_Dataset extract_

----------------

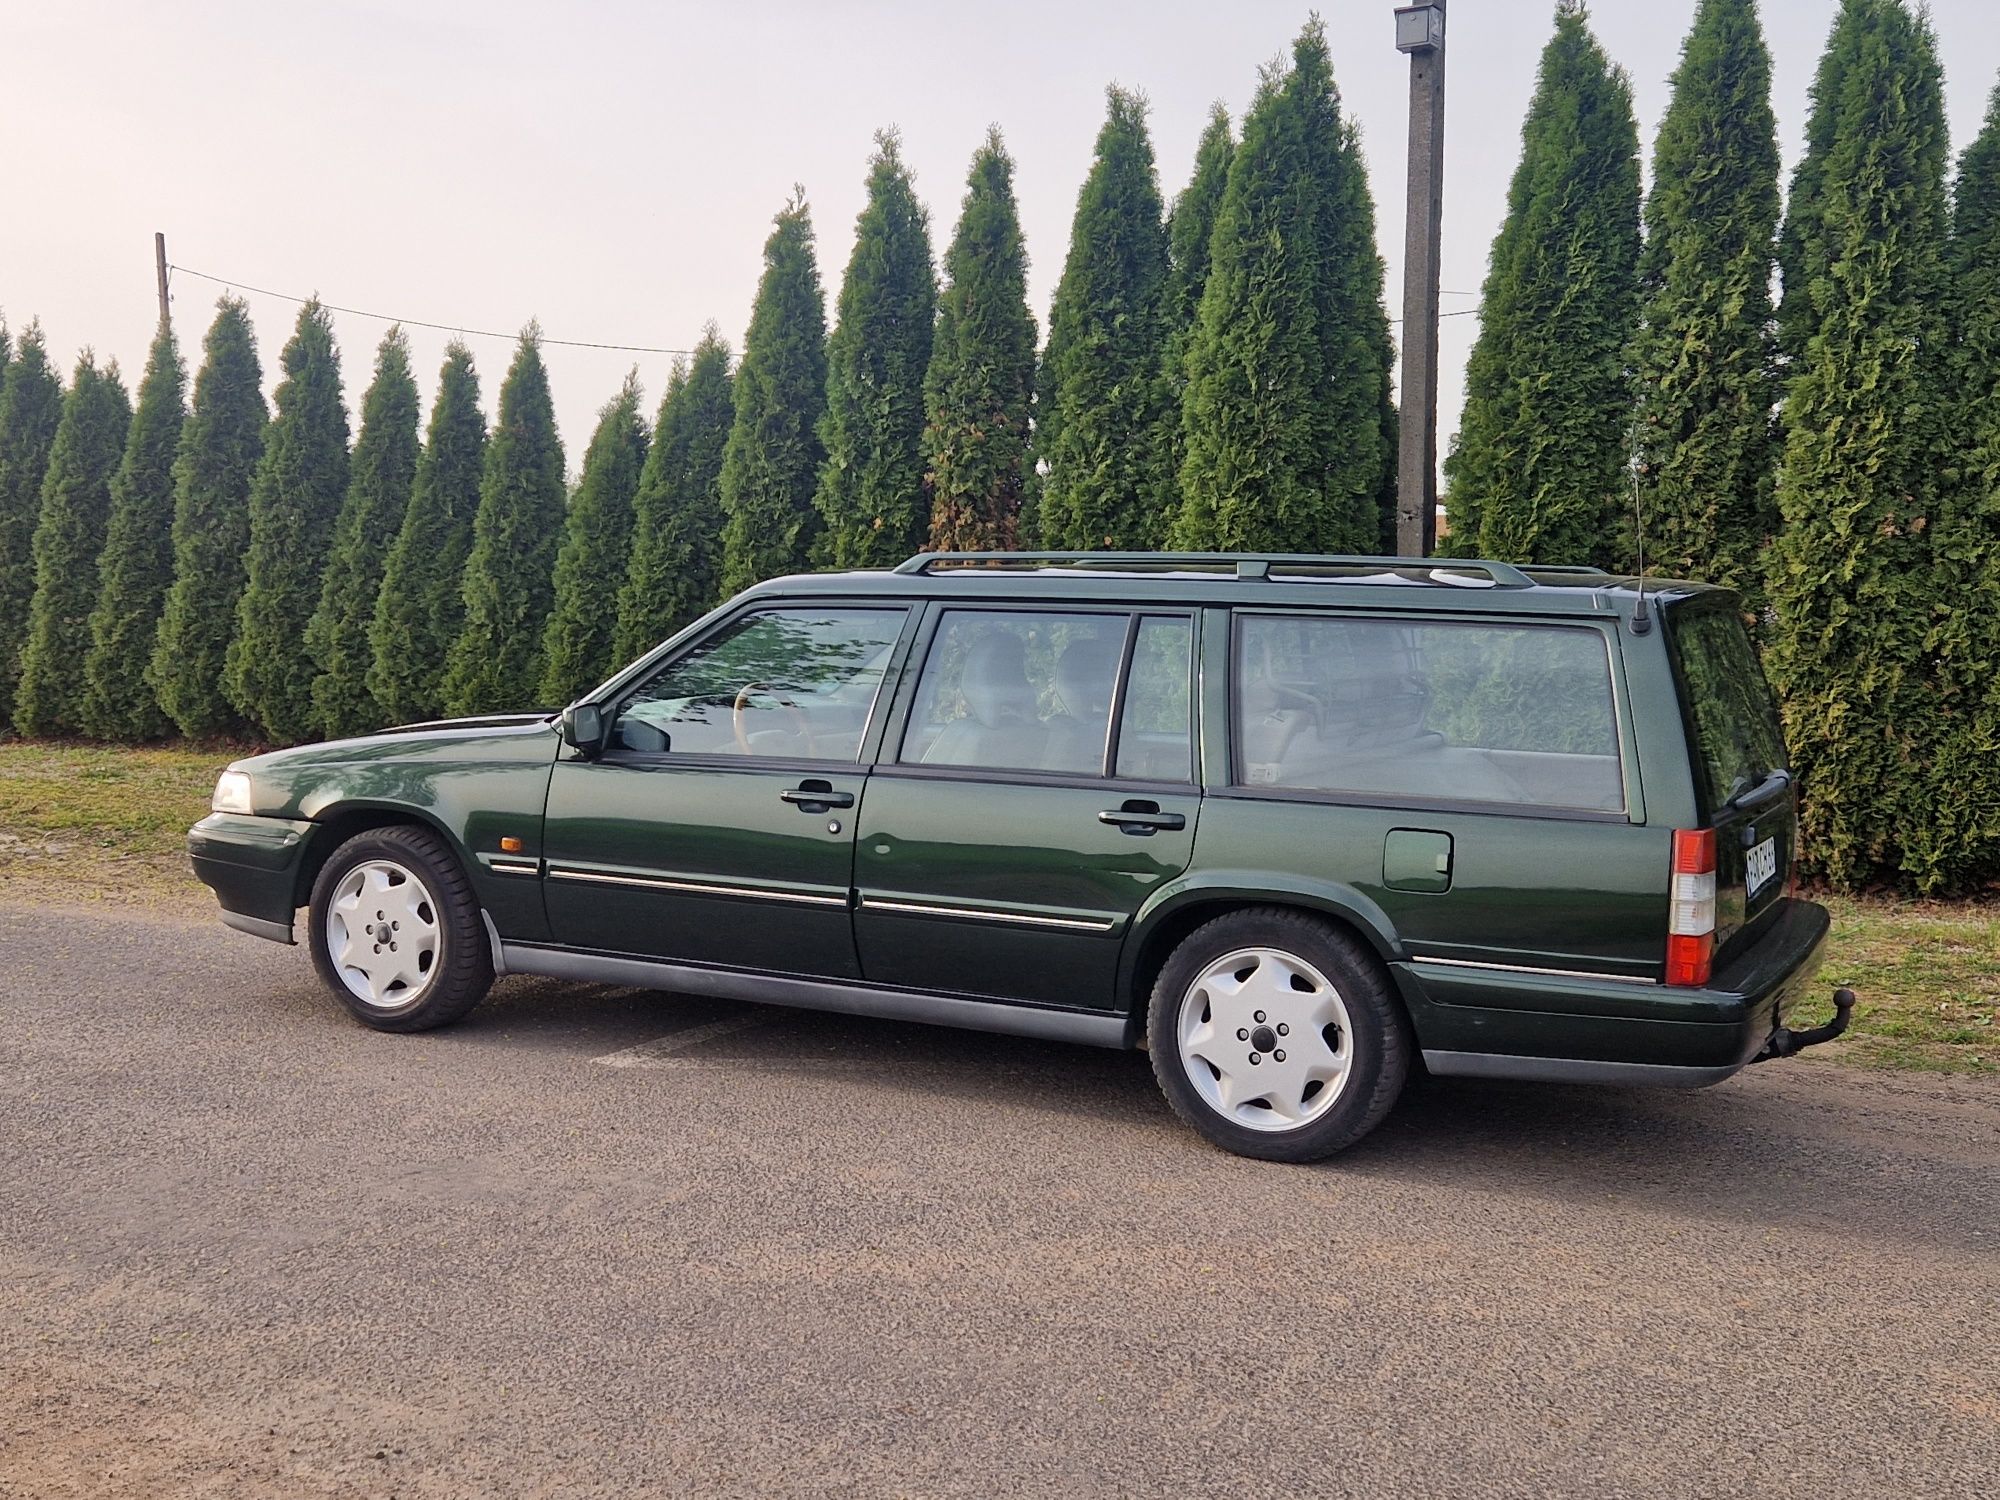 Volvo 960 2.5 benzyna 175km 1996rok piękny klasyk Skóry klima
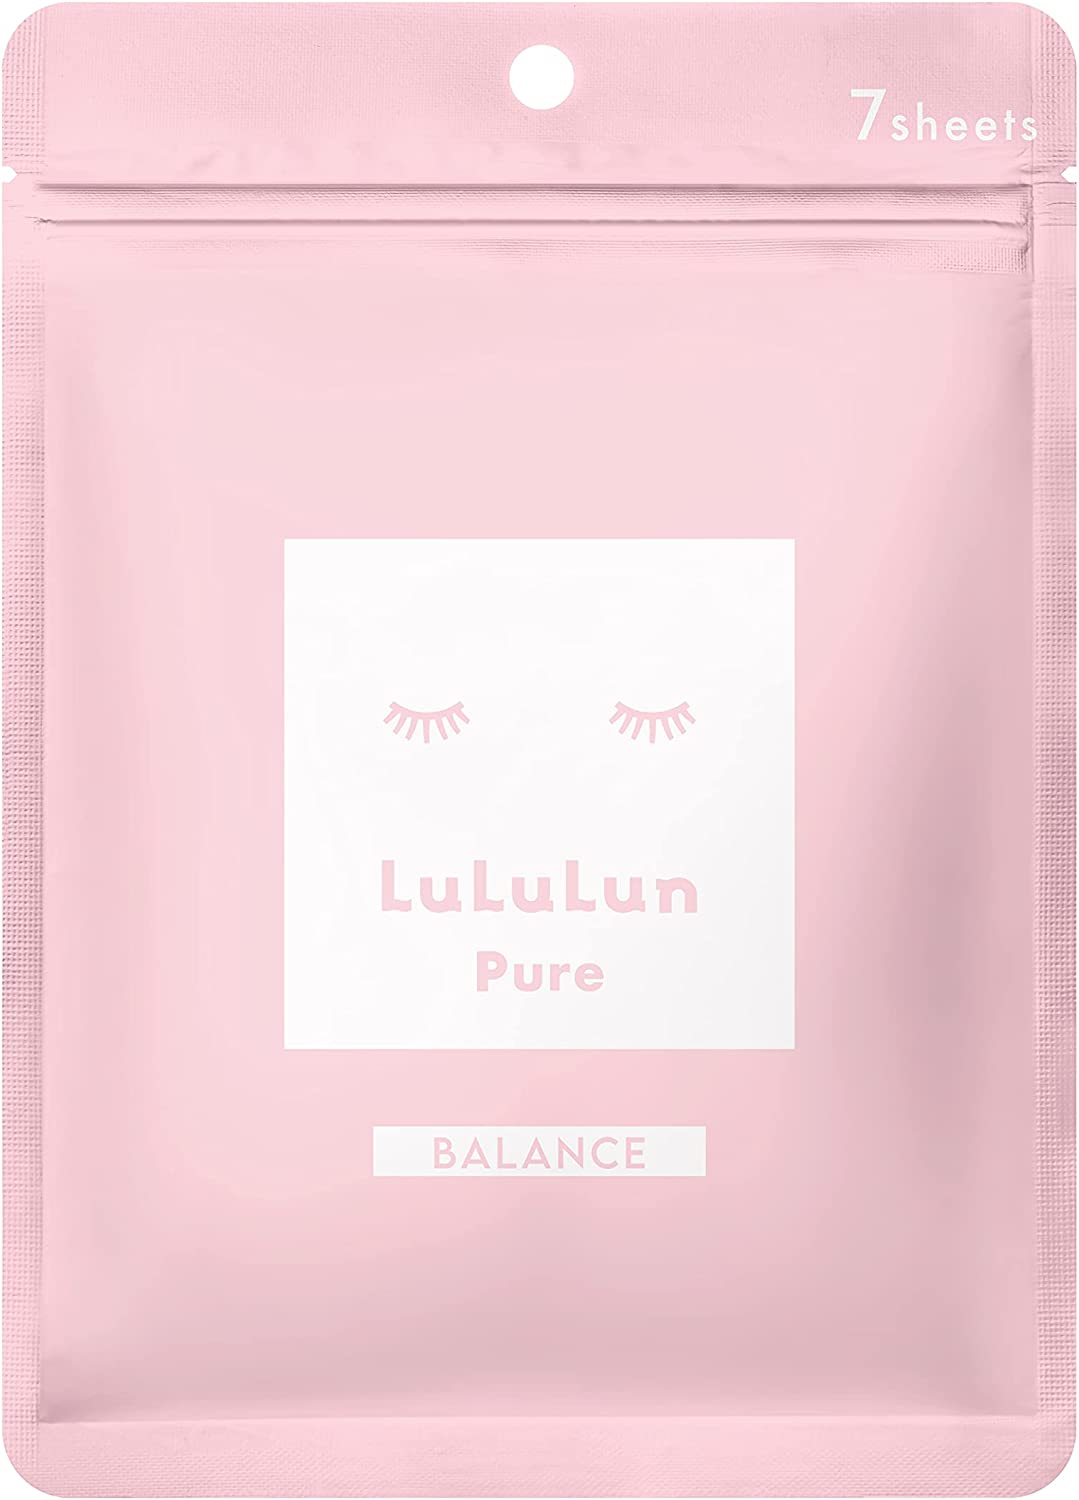 LuLuLun(ルルルン) ピュア ピンク(バランス)の商品画像5 
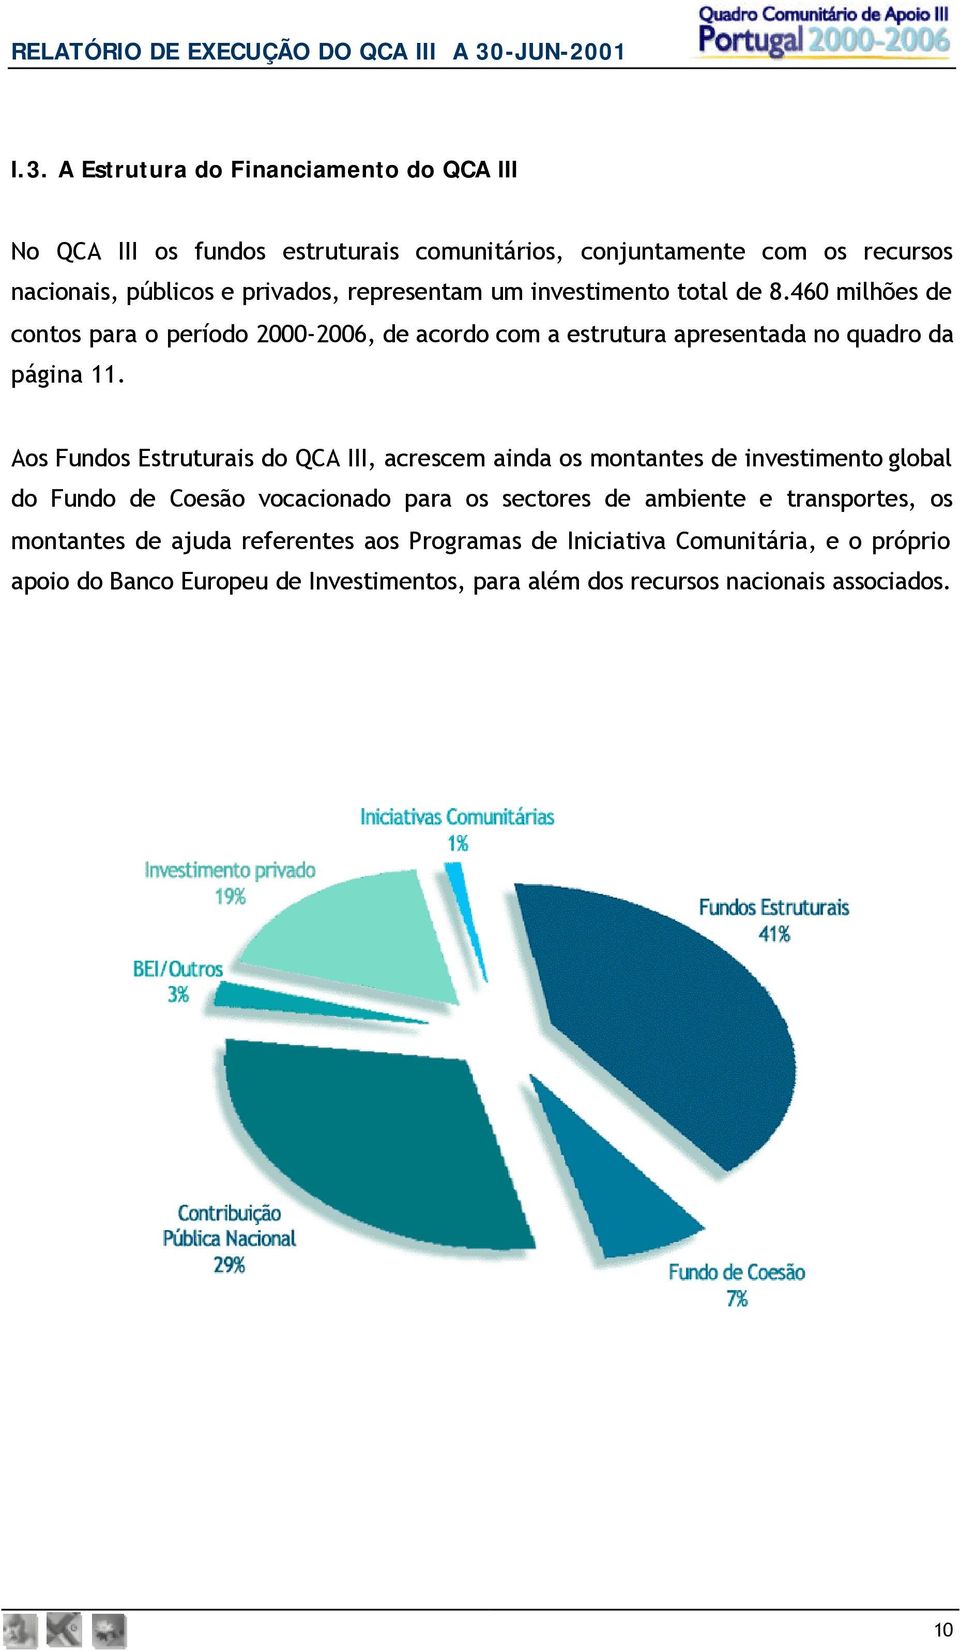 Aos Fundos Estruturais do QCA III, acrescem ainda os montantes de investimento global do Fundo de Coesão vocacionado para os sectores de ambiente e

----------------

Word for word and without any pictures, return all of the lines above.

 Volvo 960 2.5 benzyna 175km 1996rok piękny klasyk Skóry klima
 LuLuLun(ルルルン) ピュア ピンク(バランス)の商品画像5 
 Aos Fundos Estruturais do QCA III, acrescem ainda os montantes de investimento global do Fundo de Coesão vocacionado para os sectores de ambiente e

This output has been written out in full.